• _What to produce_:
Without the pictures, set down every line of the data exactly.

• _Information provided_:
==================================================

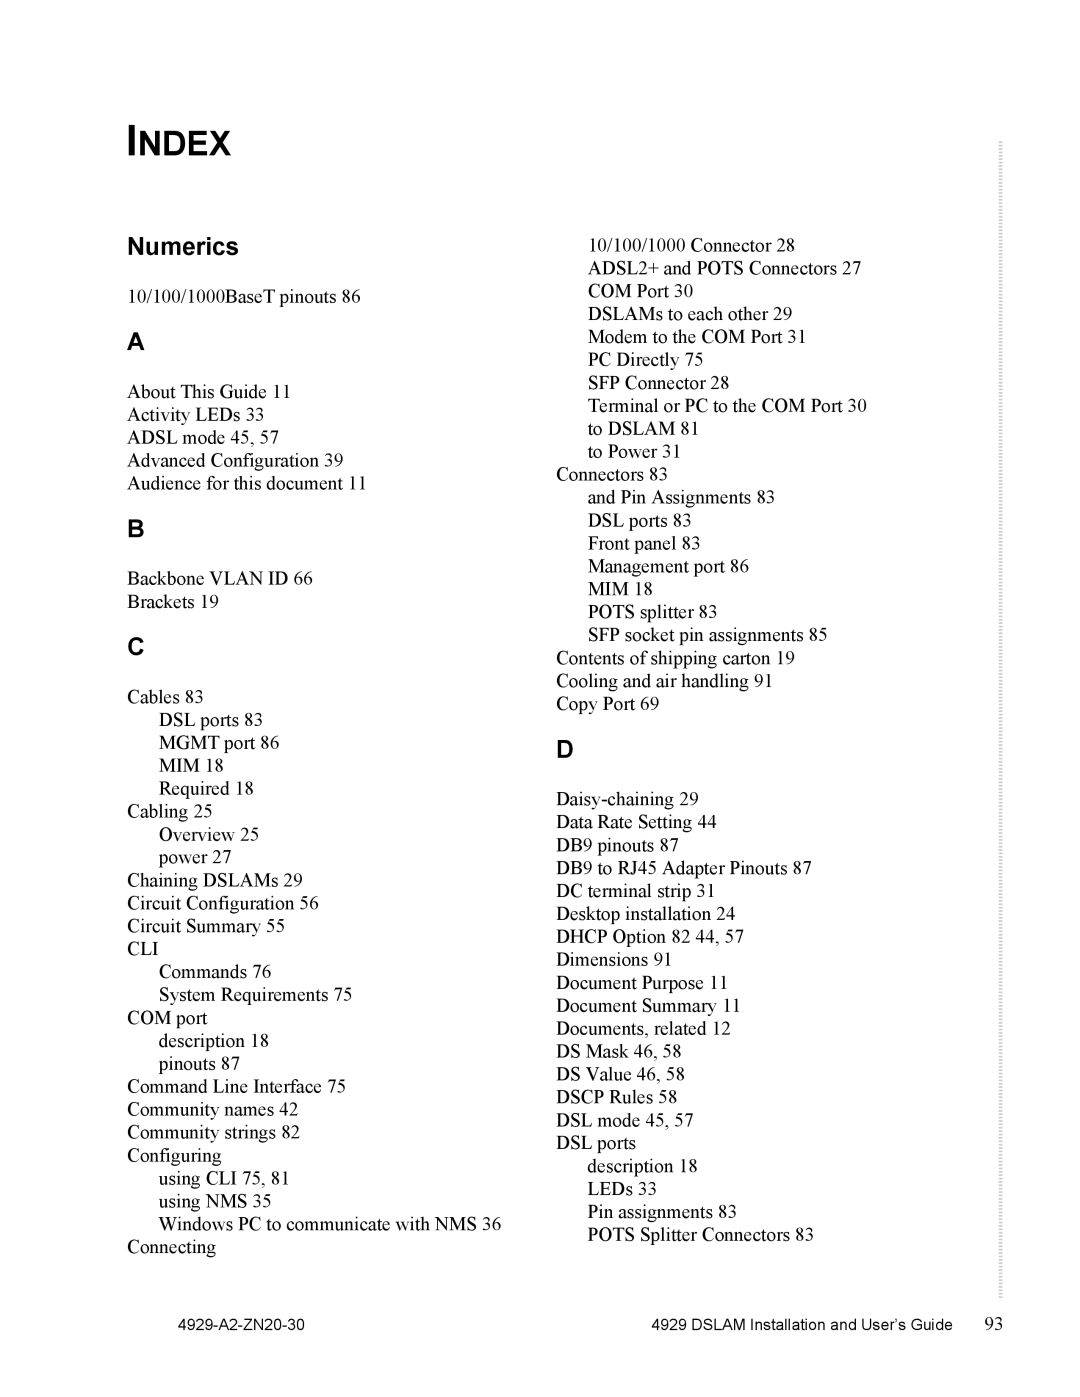 Zhone Technologies 4929 DSLAM manual Index, Numerics, Cli 
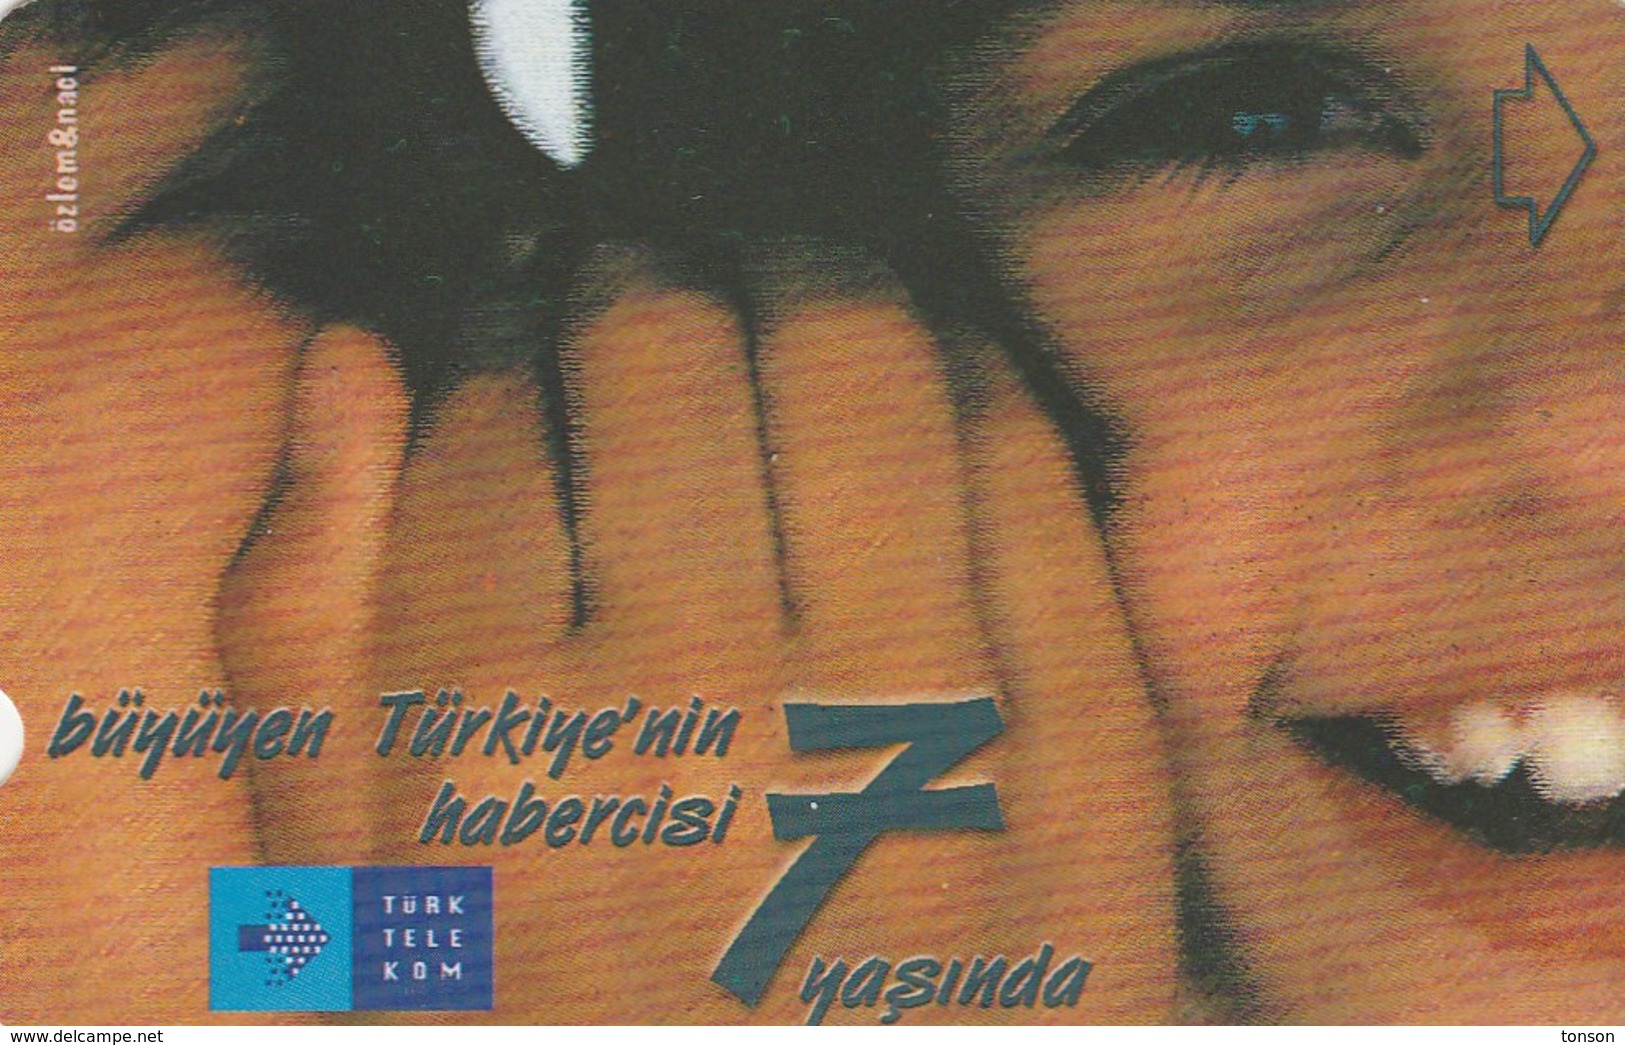 Turkey, TR-TT-N-232, 7th Annv. Of TT - Horizontal, 2 Scans. - Turchia
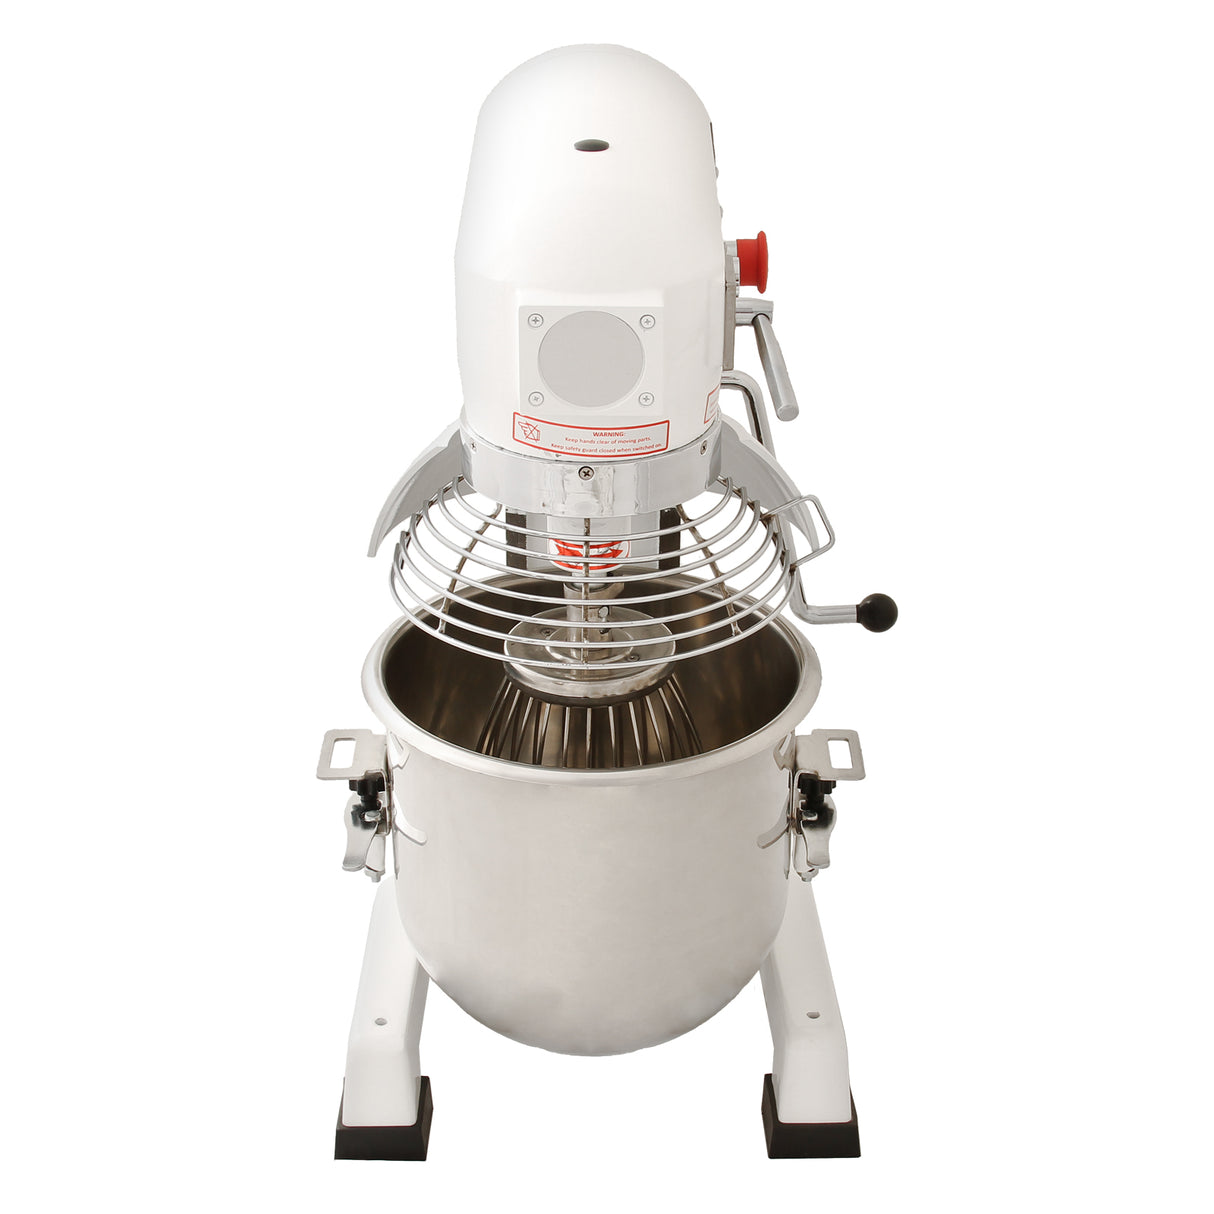 Robot de Cocina Multifunción KuKoo 15 Litros con Accesorios
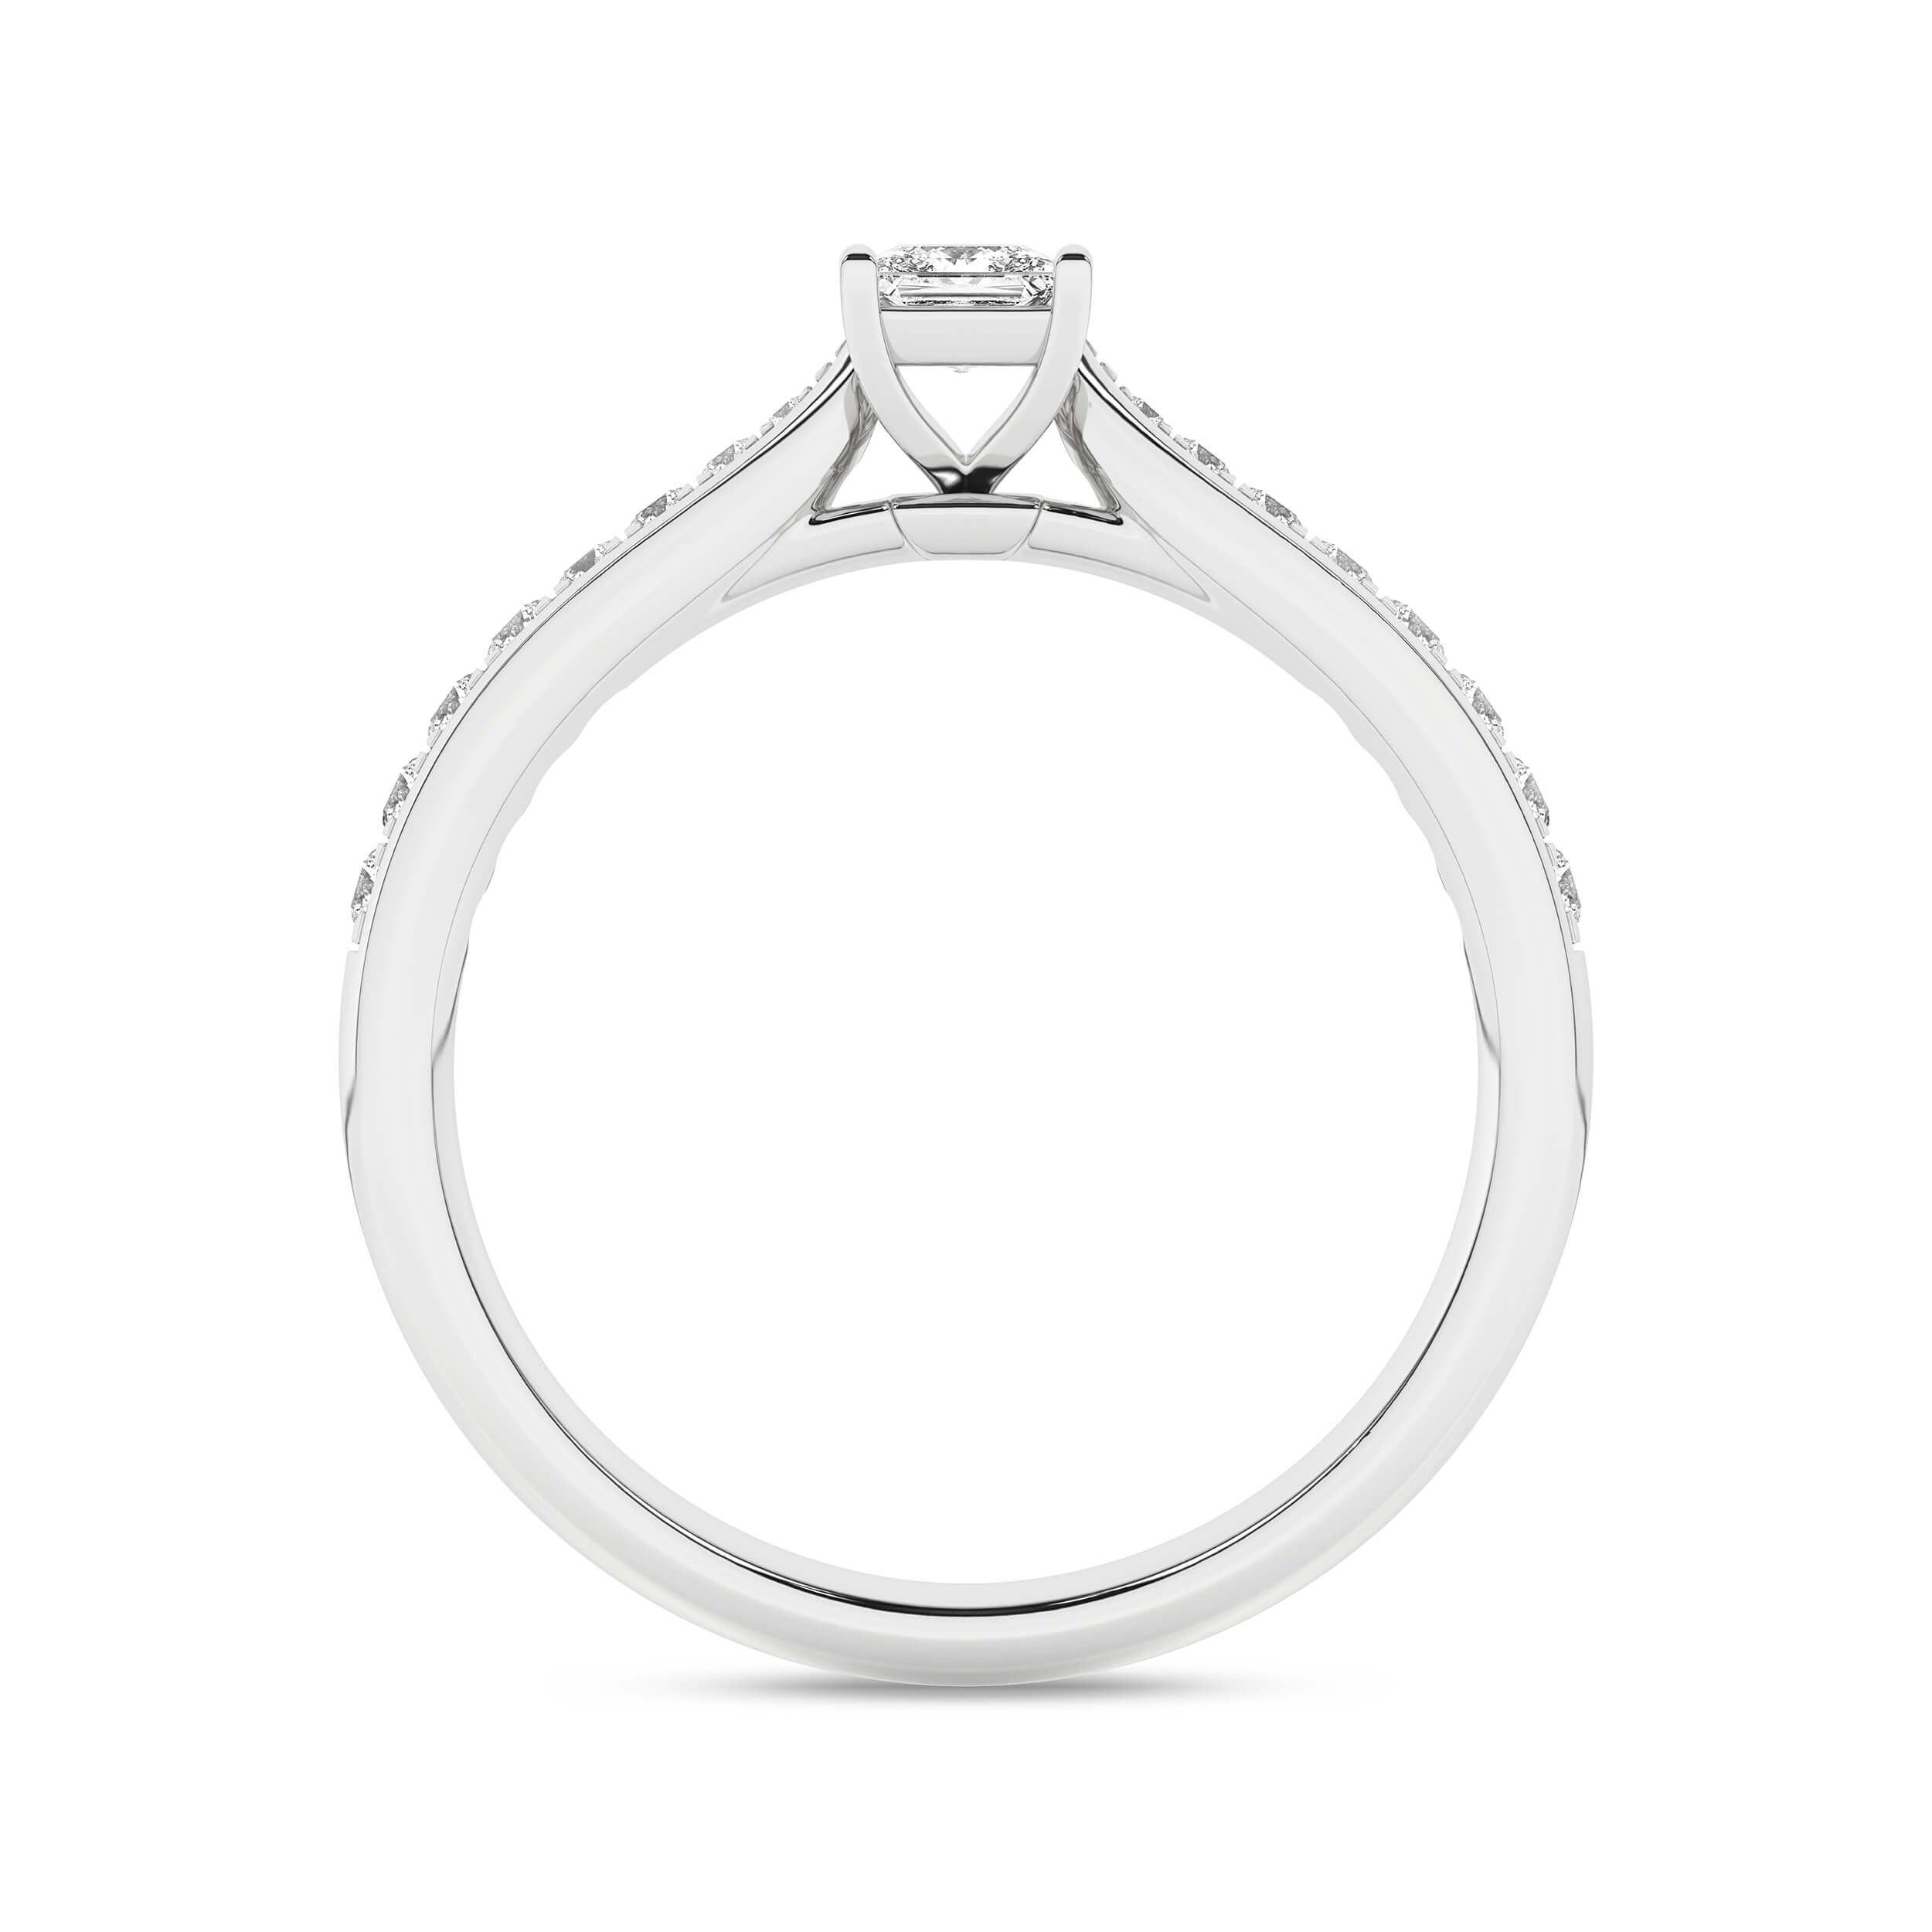 Inel de logodna din Aur Alb 14K cu Diamante 0.40Ct, articol RB17684EG, previzualizare foto 3

==================================================

• _Output for this exercise_:
 Zhone Technologies 4929 DSLAM manual Index, Numerics, Cli 
 Turkey, TR-TT-N-232, 7th Annv. Of TT - Horizontal, 2 Scans. - Turchia
 Robot de Cocina Multifunción KuKoo 15 Litros con Accesorios
 Inel de logodna din Aur Alb 14K cu Diamante 0.40Ct, articol RB17684EG, previzualizare foto 3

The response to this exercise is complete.